Assignment:
What you return should be only the lines in the entries below between the one holding "Buy stock photo" and the one holding "Just come across", ends included, with every picture left out.

Input material:

-----

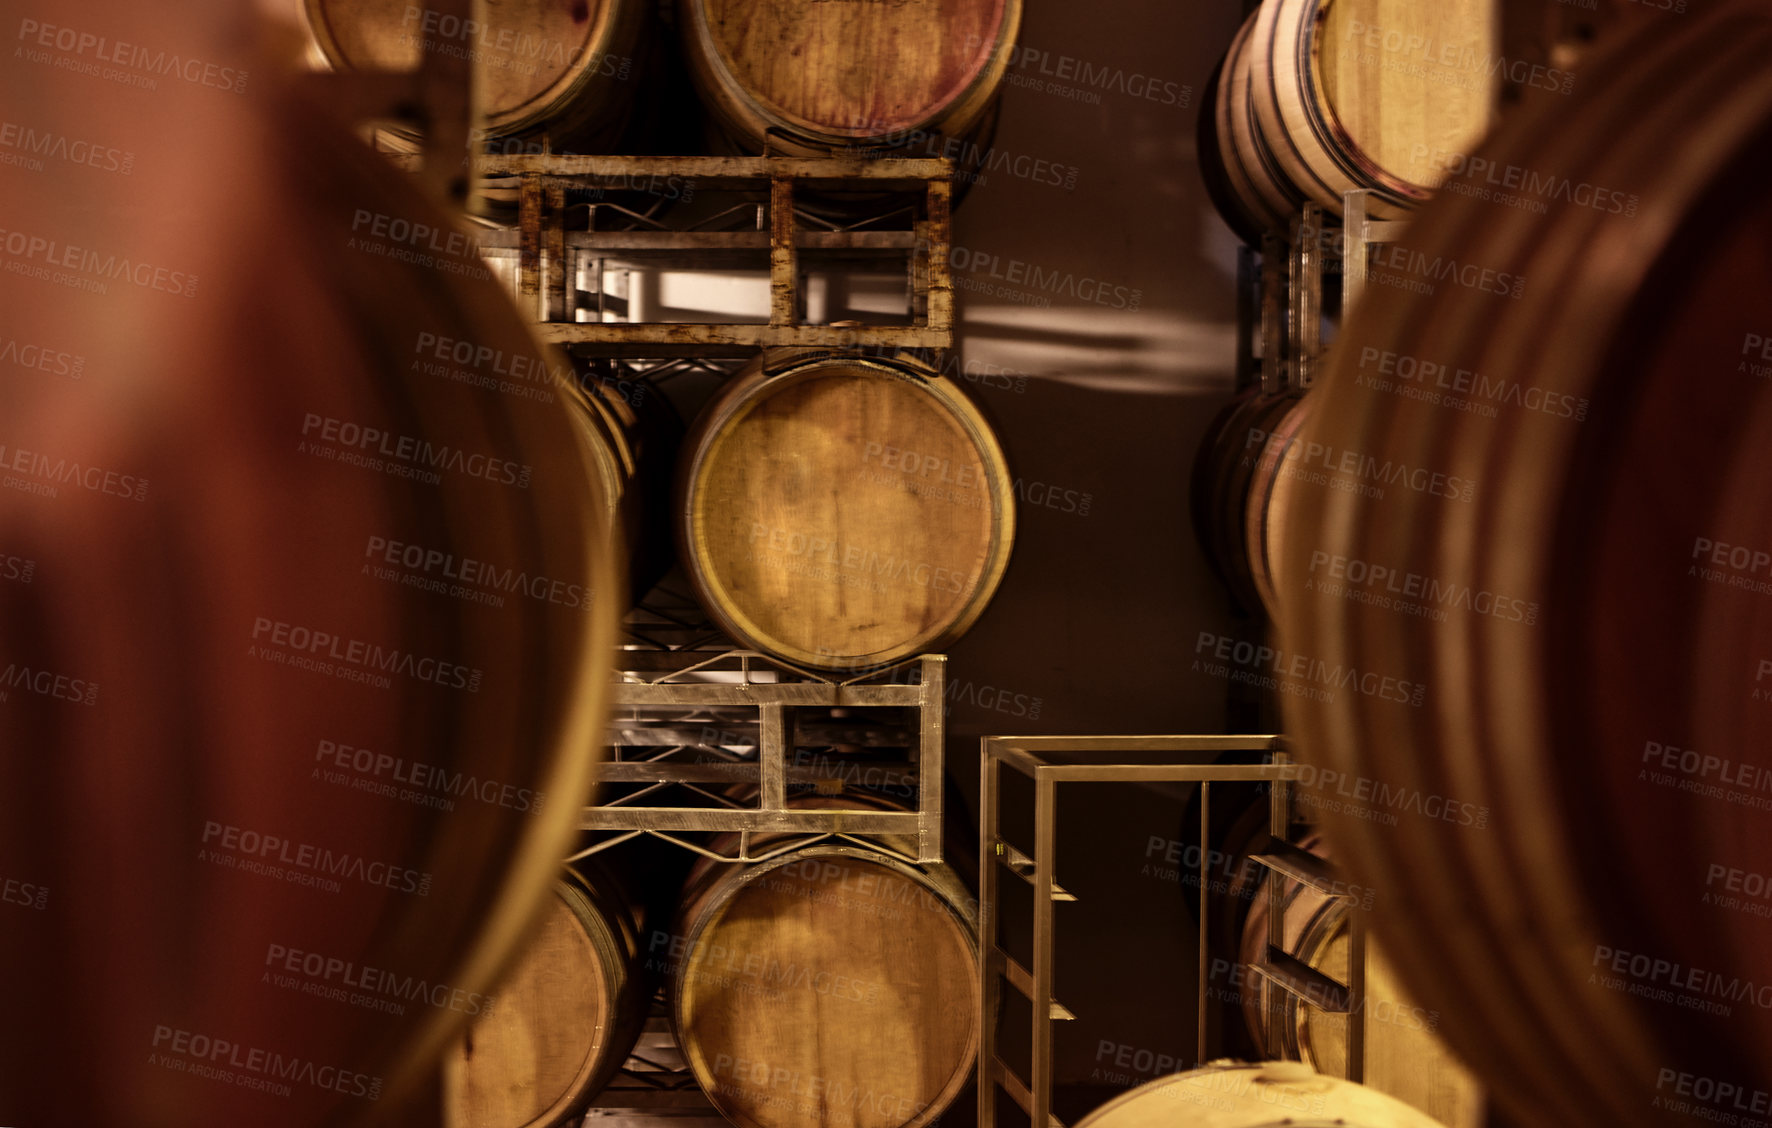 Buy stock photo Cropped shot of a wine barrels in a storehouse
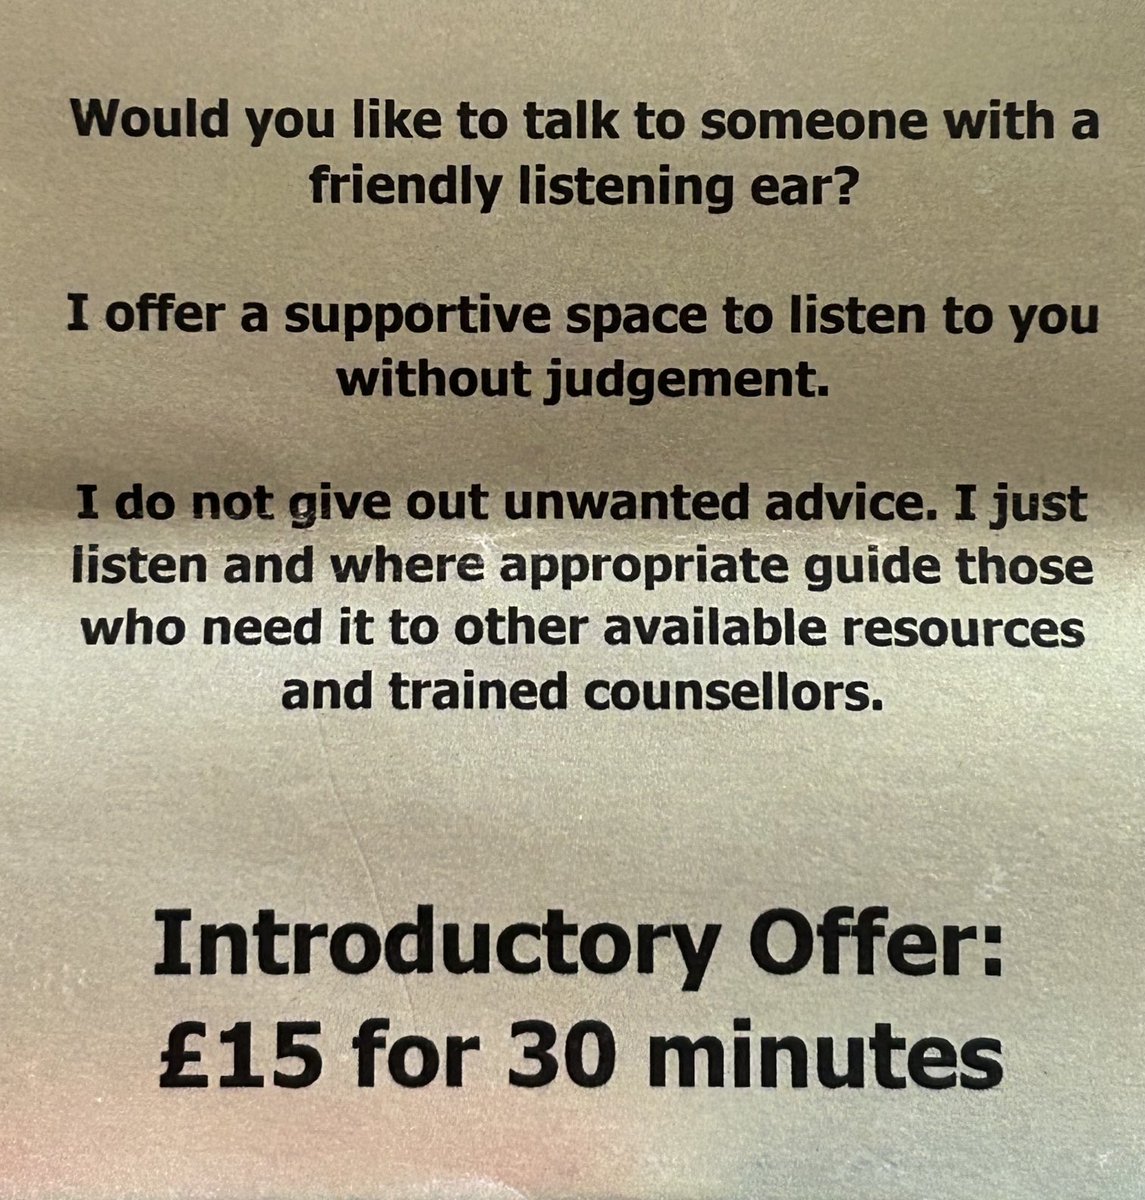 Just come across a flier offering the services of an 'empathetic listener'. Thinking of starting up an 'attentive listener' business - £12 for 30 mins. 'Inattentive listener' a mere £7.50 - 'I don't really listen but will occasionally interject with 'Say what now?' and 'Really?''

-----

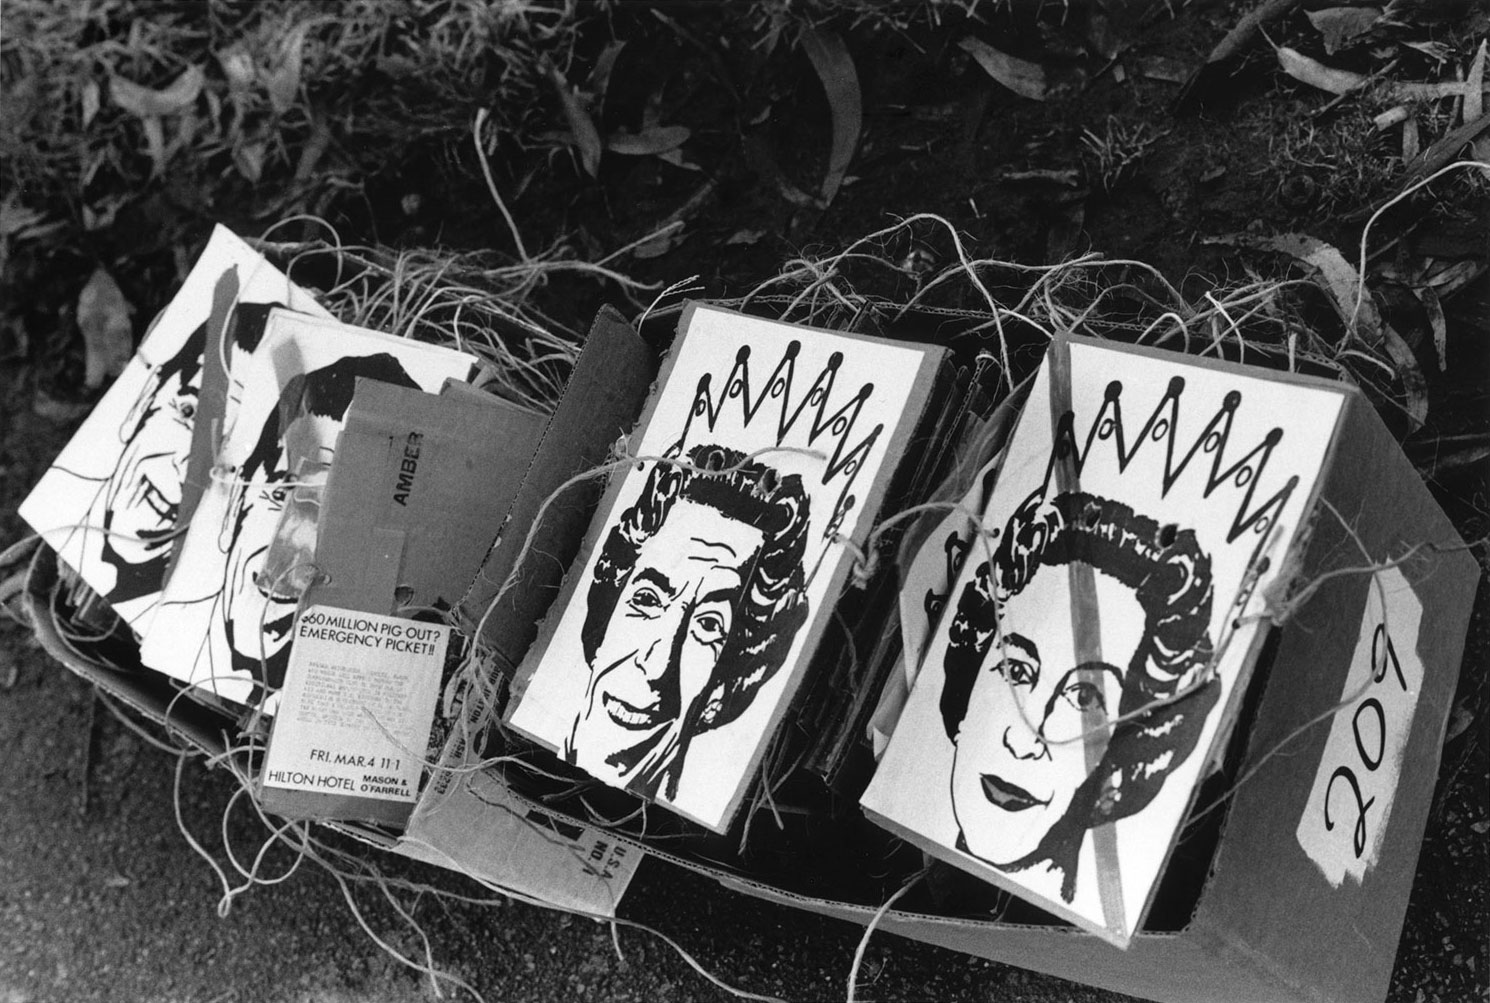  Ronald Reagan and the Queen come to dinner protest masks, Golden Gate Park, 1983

-----

Completed task:
 Buy stock photo Cropped shot of a wine barrels in a storehouse
 Just come across a flier offering the services of an 'empathetic listener'. Thinking of starting up an 'attentive listener' business - £12 for 30 mins. 'Inattentive listener' a mere £7.50 - 'I don't really listen but will occasionally interject with 'Say what now?' and 'Really?''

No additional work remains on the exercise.